Perziken vinden hun oorsprong in China, waar ze al sinds de begindagen van de Chinese cultuur worden geteeld. Perziken werden beschouwd als de favoriete vrucht van keizers en werden voor het eerst vermeld in Chinese geschriften uit de 10e eeuw. Vanuit China werd de “Perzische appel”, de vertaalde Latijnse naam, door de Perzen (nu Iraniërs) geïntroduceerd bij de Romeinen en later door Alexander de Grote in Europa geïntroduceerd.
Aan Spaanse ontdekkingsreizigers wordt toegeschreven dat zij de perzik naar Zuid-Amerika hebben gebracht en vervolgens uiteindelijk naar Engeland en Frankrijk, waar het een zeer populaire, maar zeldzame lekkernij werd.
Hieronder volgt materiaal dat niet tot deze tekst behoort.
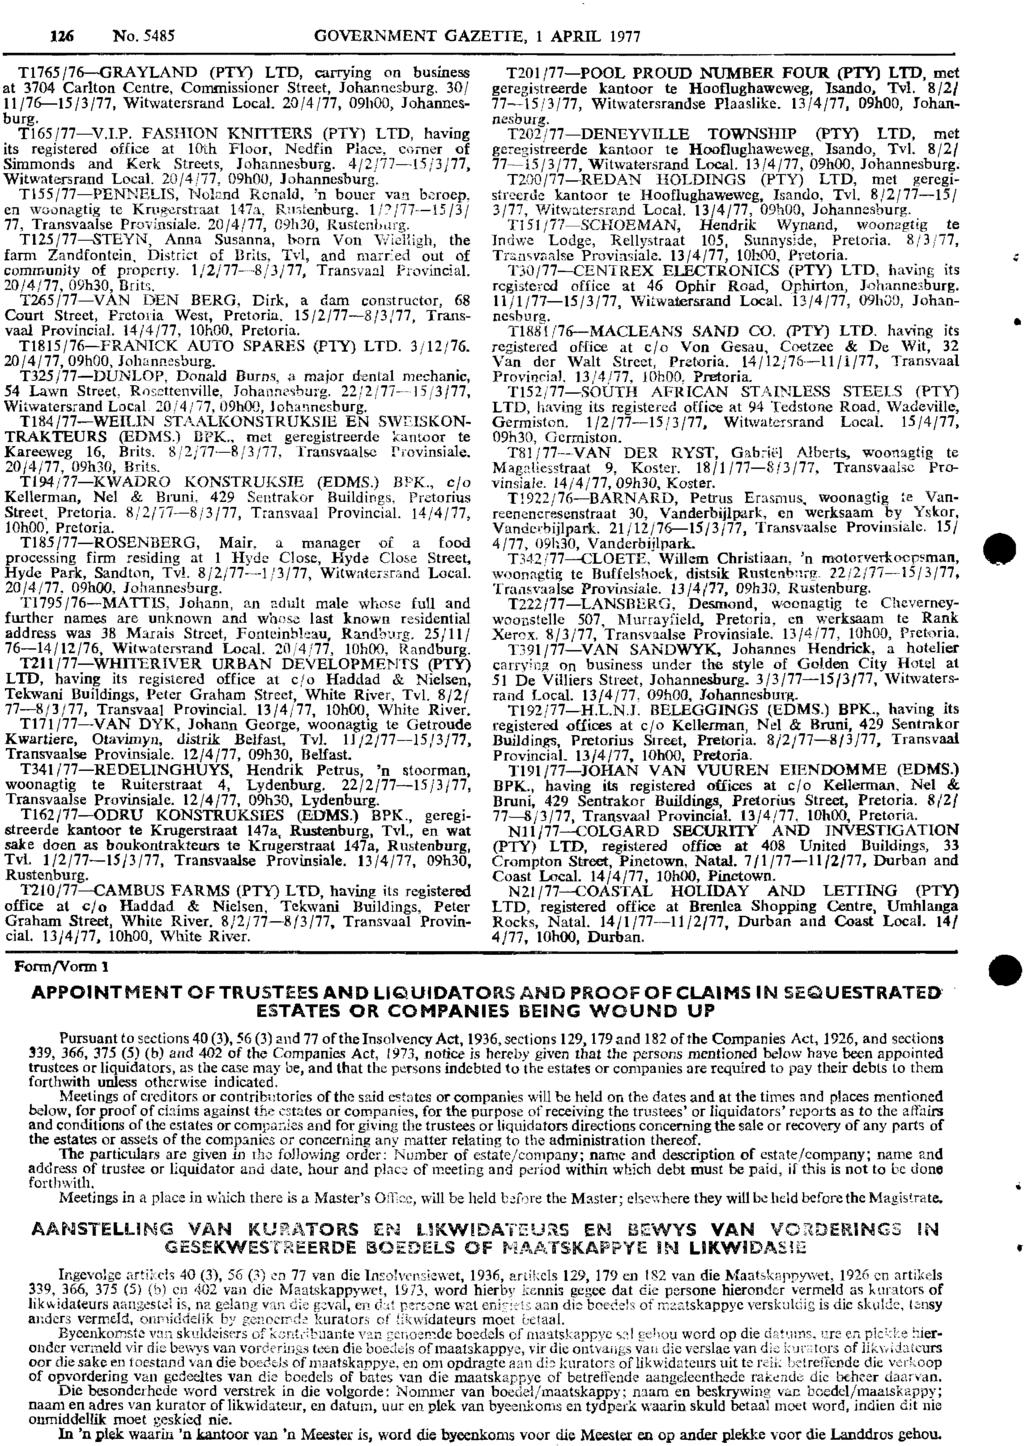 U6 No. 5485 GOVERNMENT GAZETTE, 1 APRIL 1977 T1765/76-GRAYLAND (PTY) LTD, carrying on business at 3704 Carlton Centre, Commissioner Street, Johannesburg. 30/ 11 /76-15/3/77, Witwatersrand Local.

Tijdens het bewind van Koningin Victoria werd geschreven dat geen maaltijd compleet was zonder een verse perzik, gepresenteerd in een deftig katoenen servet.
Ten slotte bracht George Minifie, een tuinbouwer uit Engeland, in het begin van de 17e eeuw de eerste perziken naar de kolonies in de Nieuwe Wereld en plantte ze op zijn landgoed in Virginia. Het waren onze vroege Amerikaanse indianenstammen die de perzikboom eigenlijk over ons land verspreidden door zaden mee te nemen en deze te planten terwijl zij door deze Verenigde Staten reisden.
Maar het duurde tot de 19e eeuw voordat de commerciële perzikteelt van start ging in Maryland, Delaware, Georgia en Virginia. Tegenwoordig worden perziken commercieel geteeld in Californië, de staat Washington, South Carolina, Georgia en Missouri.